▸ TASK OBJECTIVE
Go through the listing and set it down exactly, leaving out its pictures.

▸ COLLECTED DATA
---+---

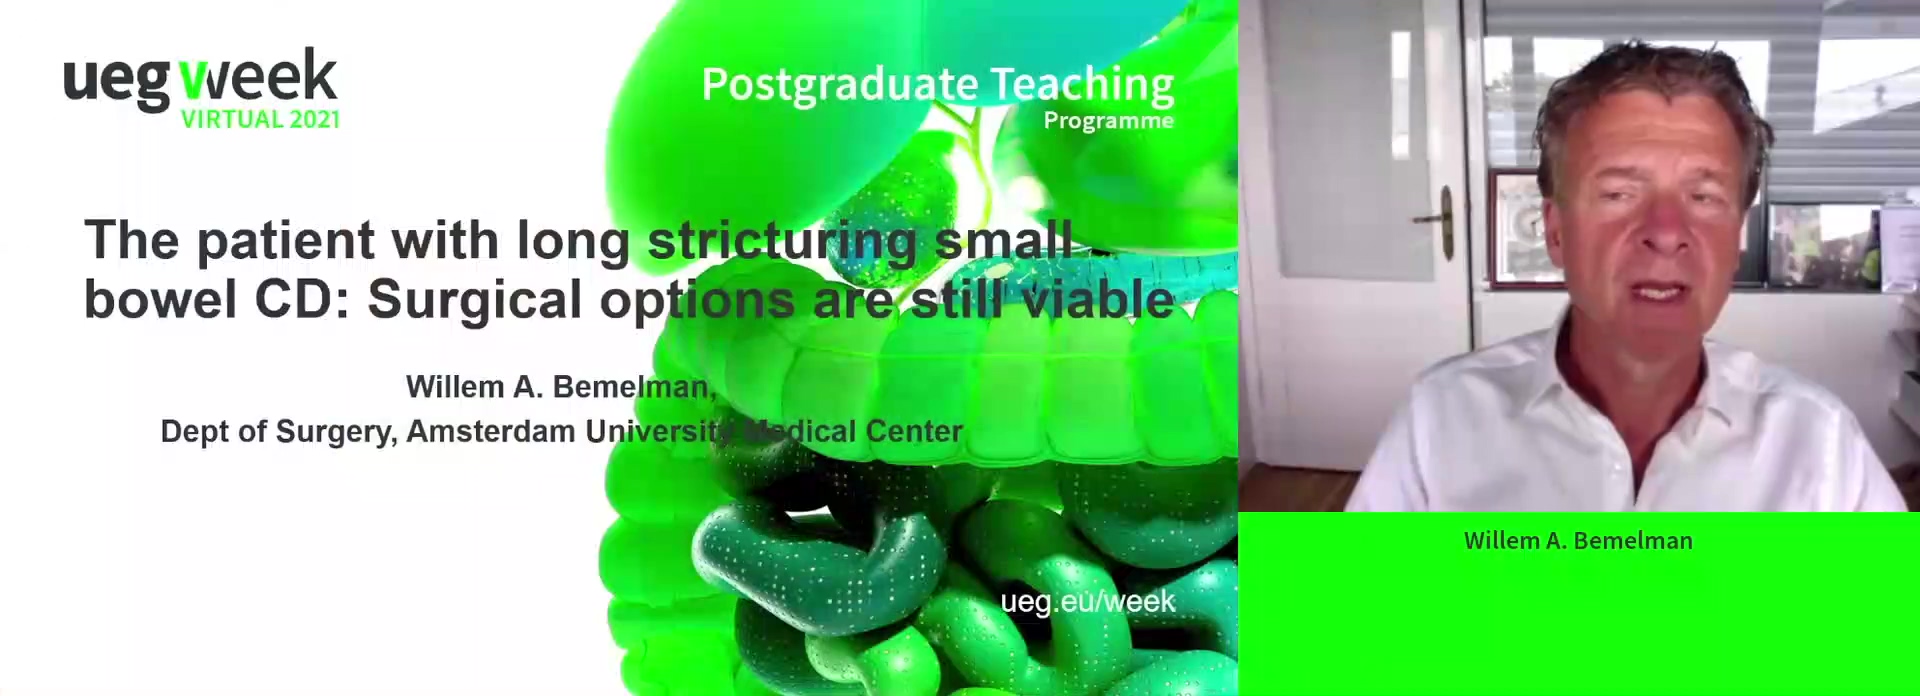 The patient with long stricturing small bowel CD: Surgical options are still viable
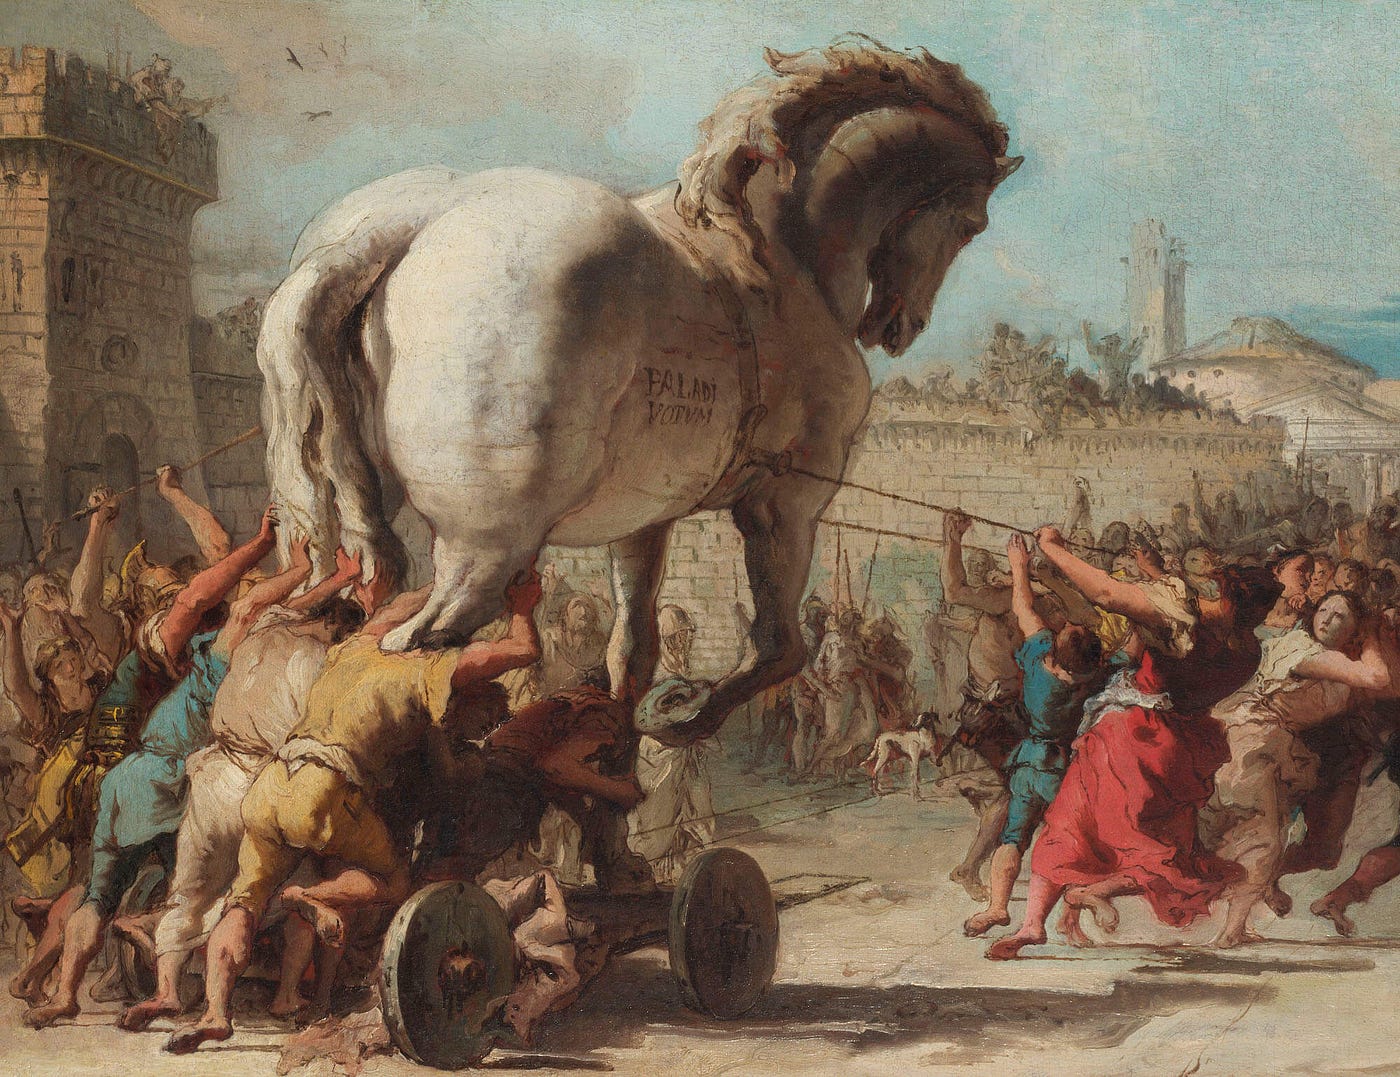 State-Backed Digital Currencies Are Like a Trojan Horse That Will
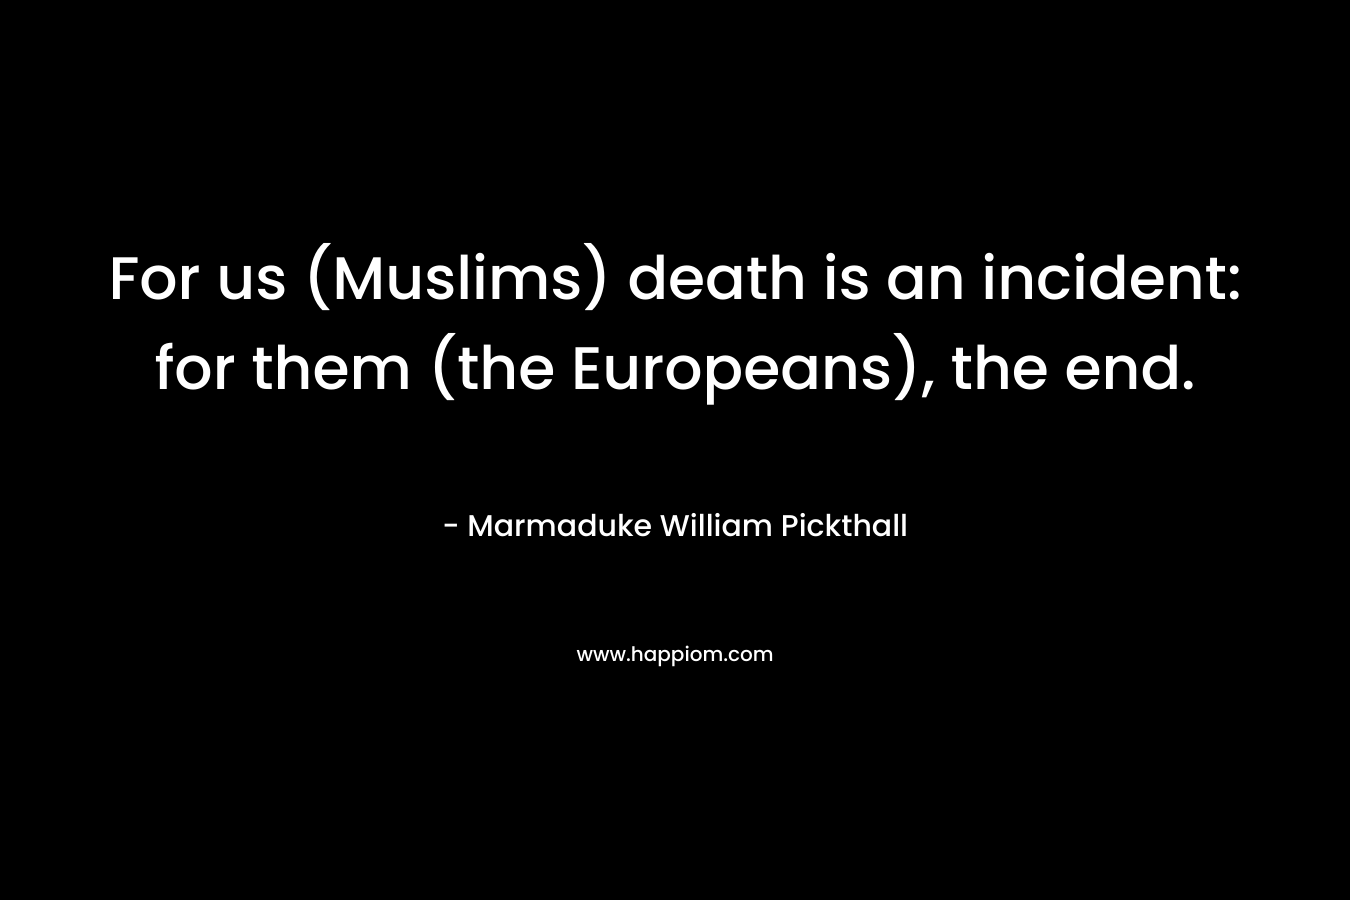 For us (Muslims) death is an incident: for them (the Europeans), the end.

---+---

▸ WRITTEN RESPONSE
 The patient with long stricturing small bowel CD: Surgical options are still viable
 State-Backed Digital Currencies Are Like a Trojan Horse That Will
 For us (Muslims) death is an incident: for them (the Europeans), the end.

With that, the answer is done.